PROBLEM STATEMENT
Starting with the line in which "EUR-Lex - 42011X0302(01) - EN - EUR-Lex" appears, give back every line exactly as written until the listing ends, excluding pictures.

SOURCE MATERIAL
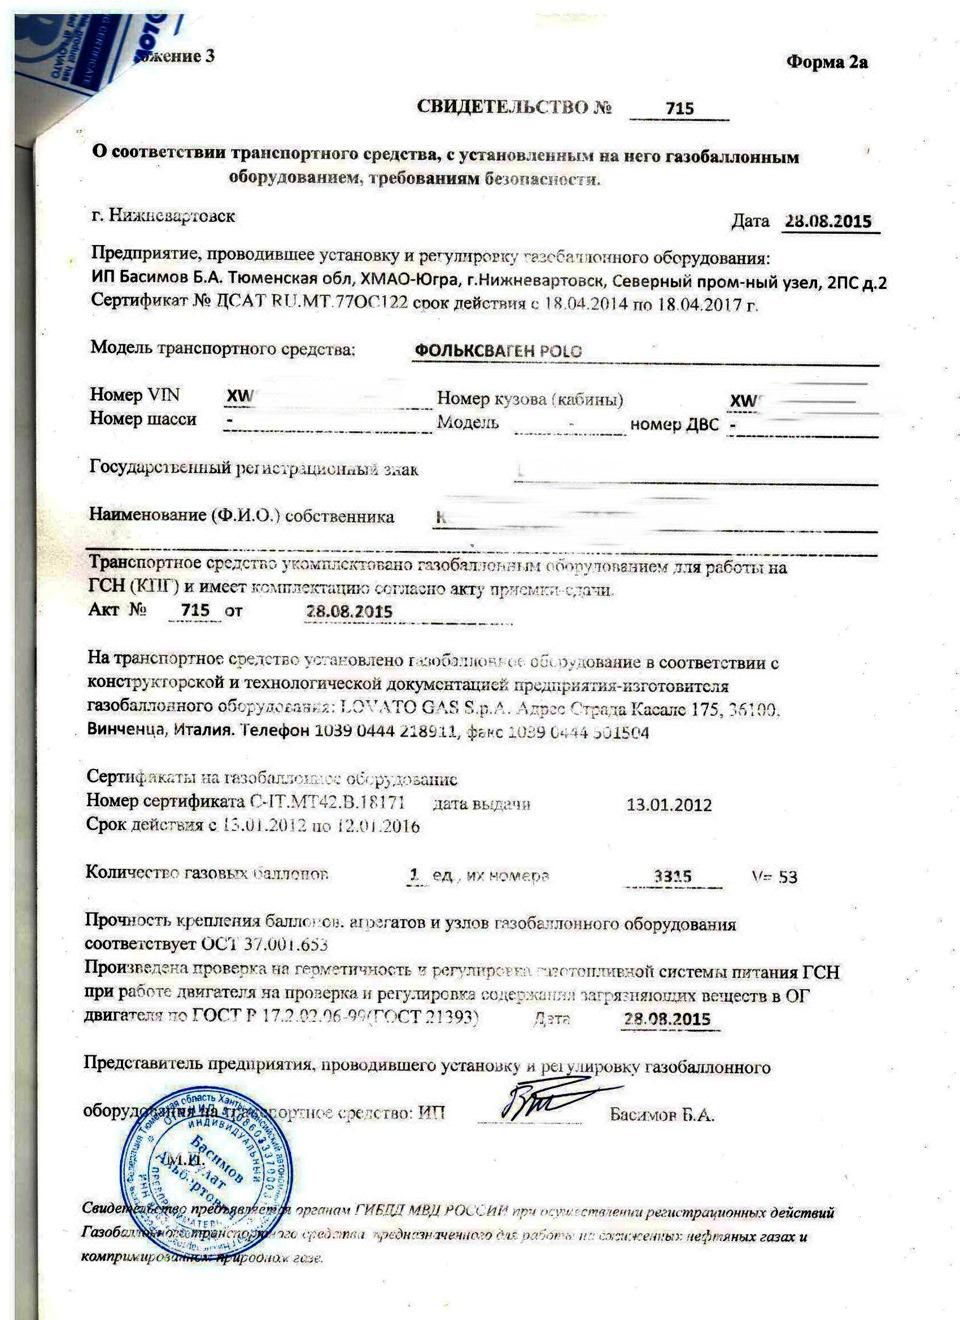 Регистрация 17
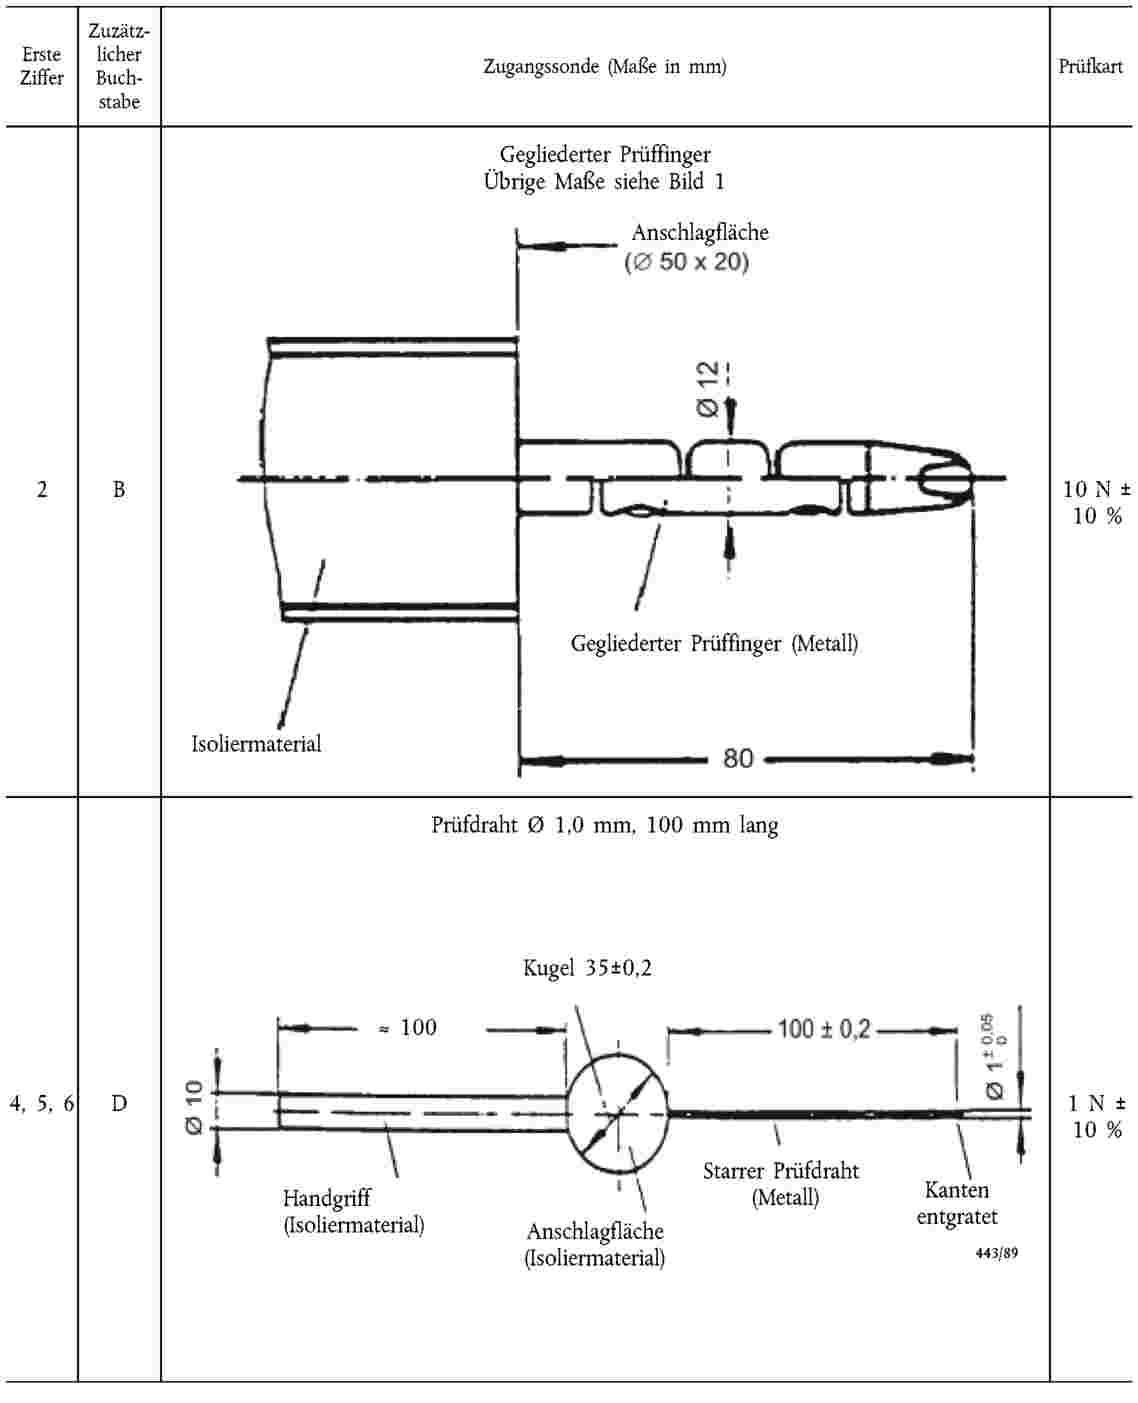 EUR-Lex - 42011X0302(01) - EN - EUR-Lex
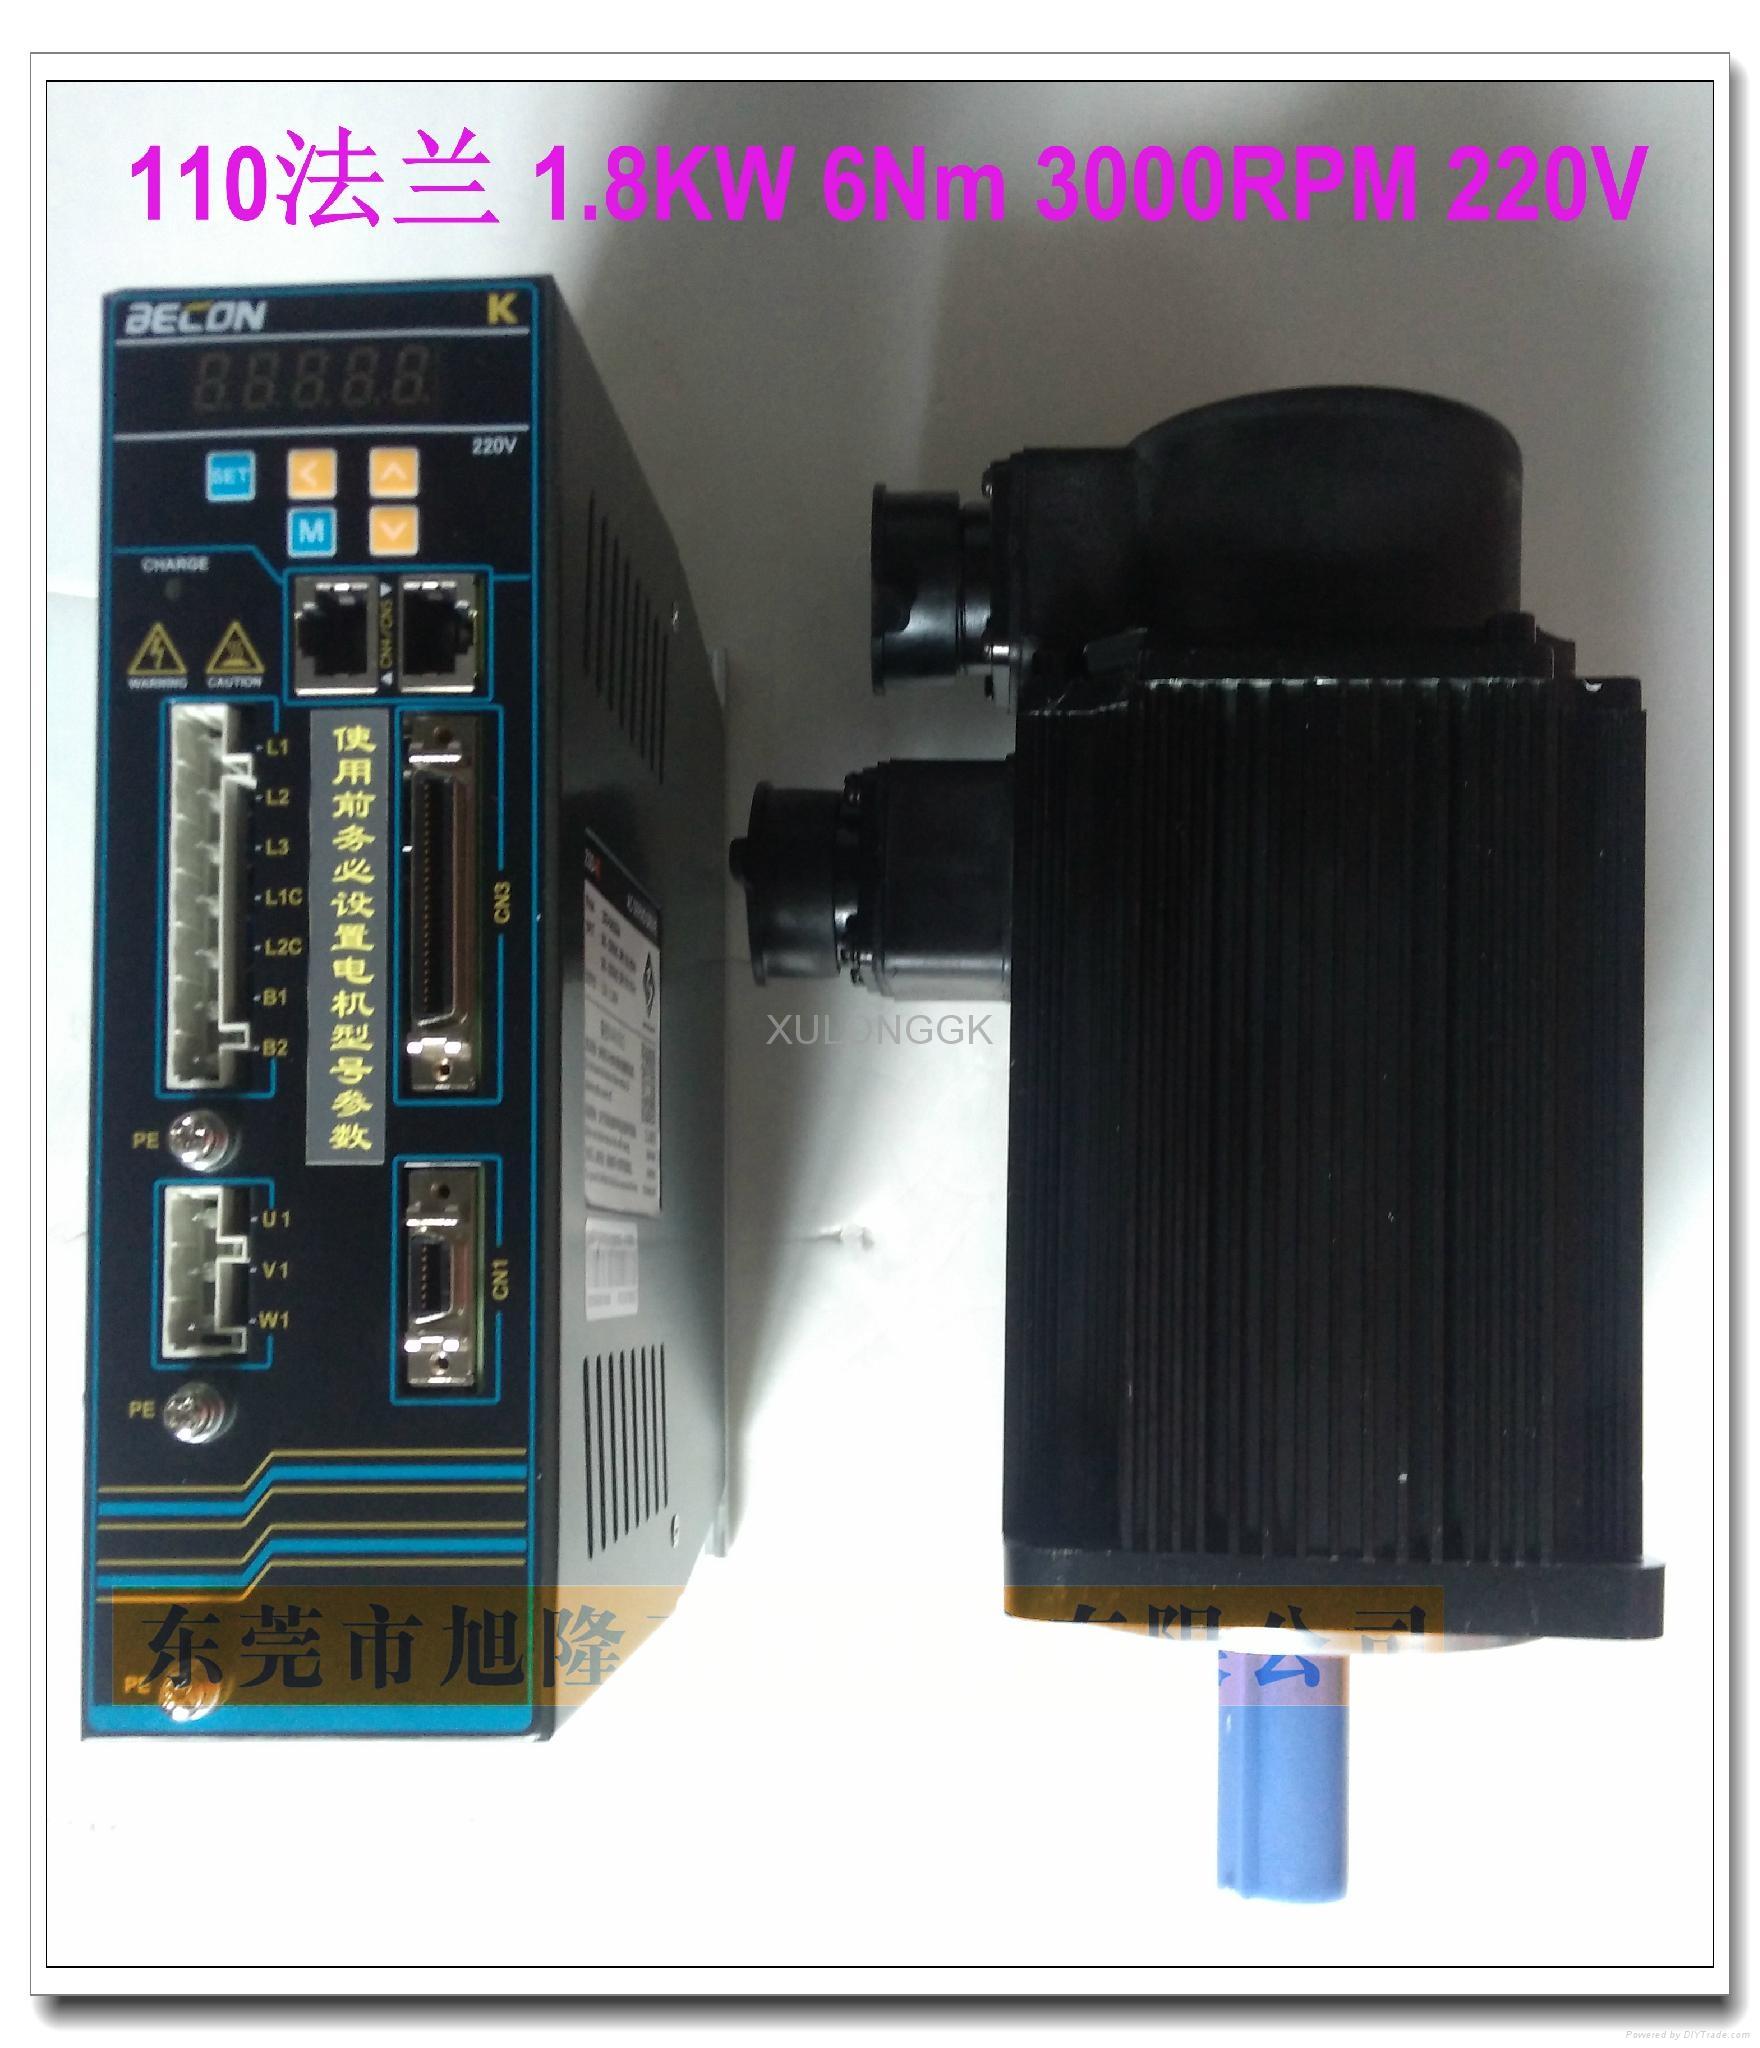 华大国产老品牌伺服电机1.8kw 6N 3000rpm 220V 包装机械用 1
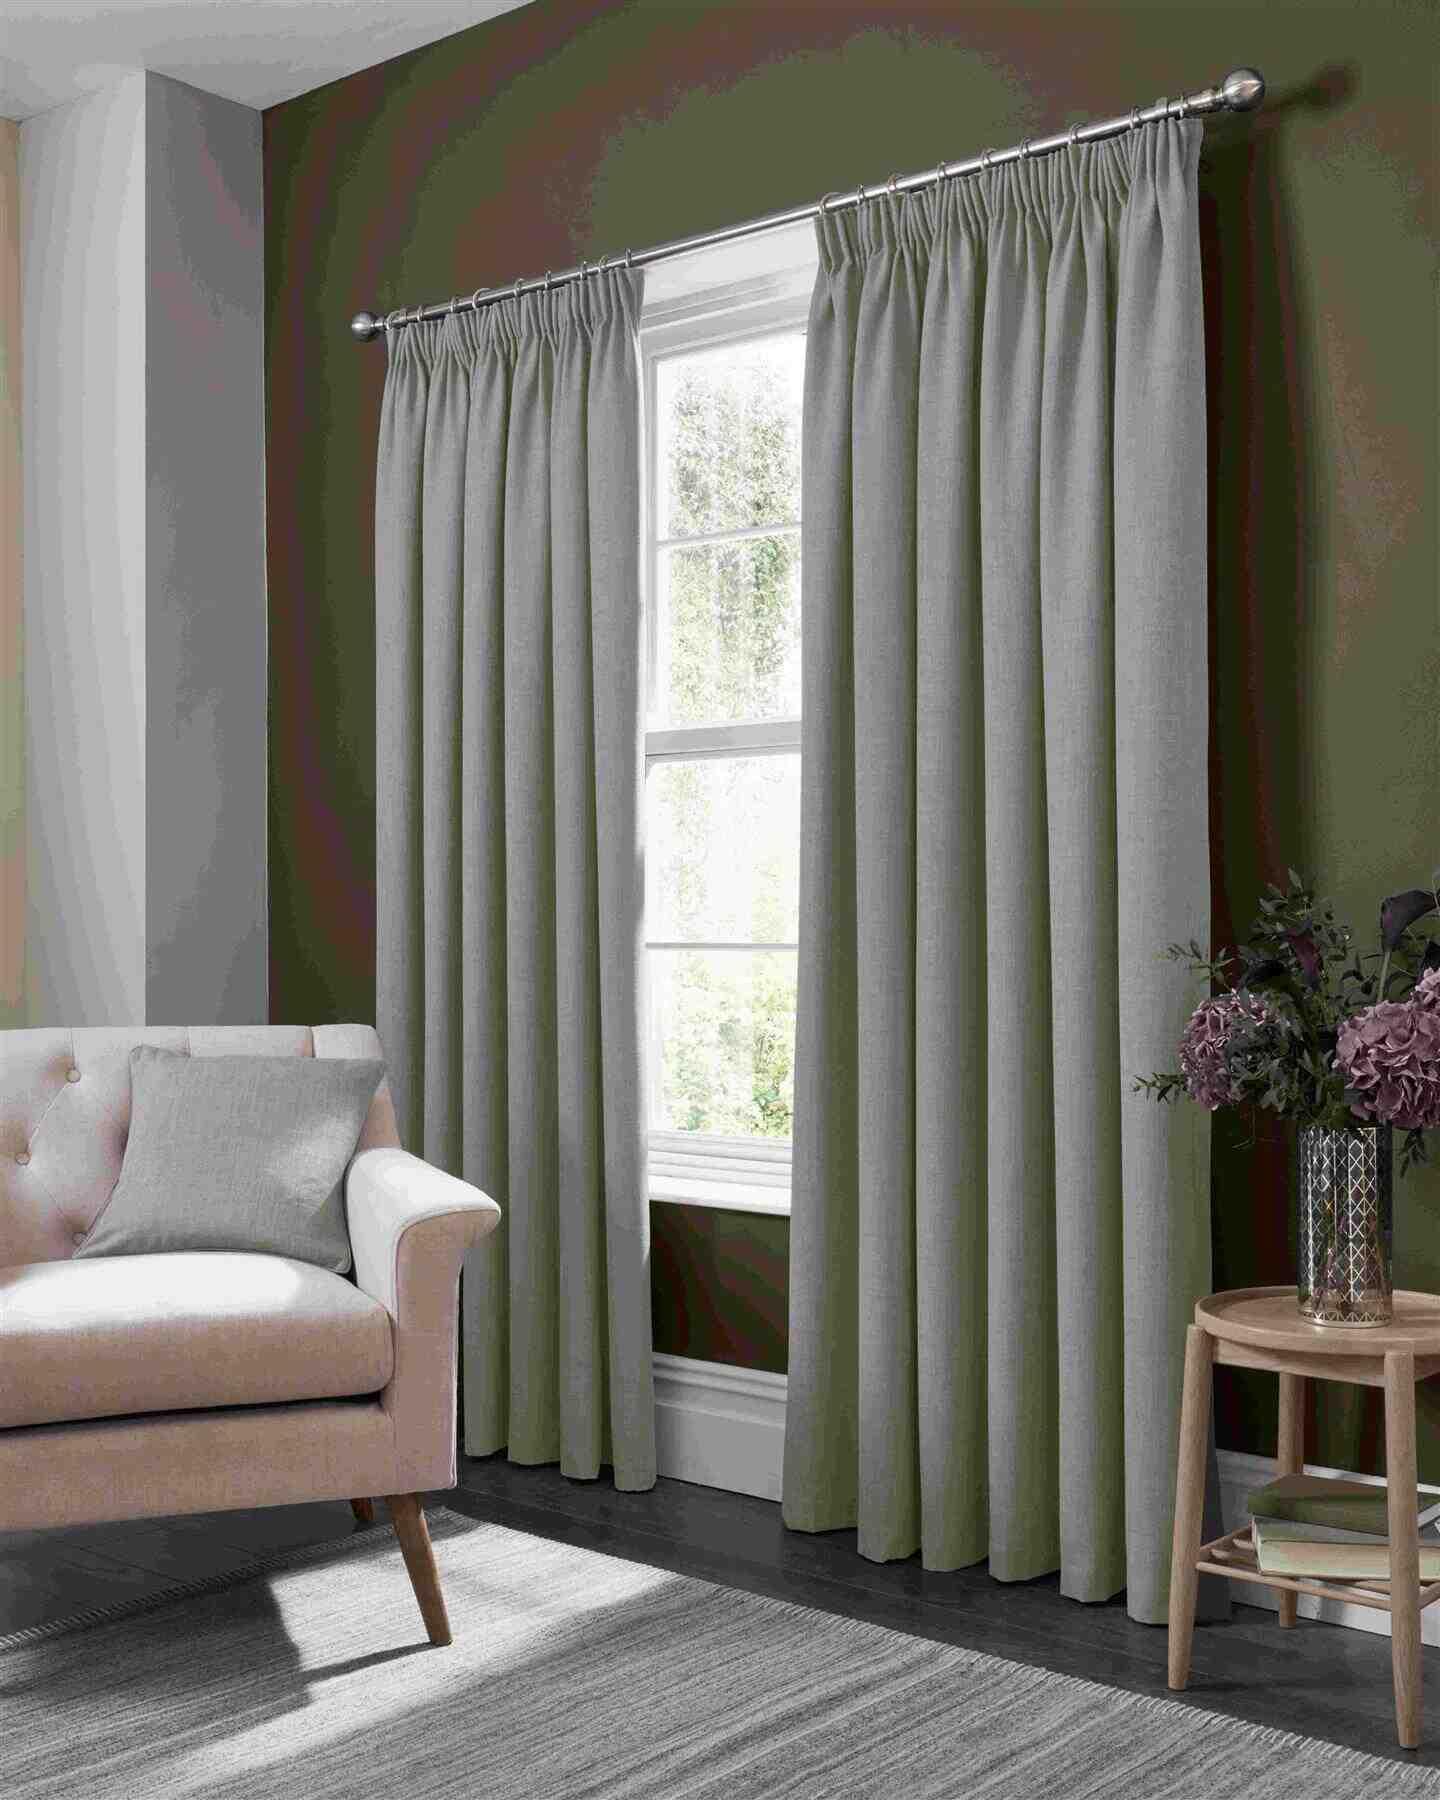 Comment plisser un rideau?

RESULT BELOW
 EUR-Lex - 42011X0302(01) - EN - EUR-Lex
 华大国产老品牌伺服电机1.8kw 6N 3000rpm 220V 包装机械用 1
 Comment plisser un rideau?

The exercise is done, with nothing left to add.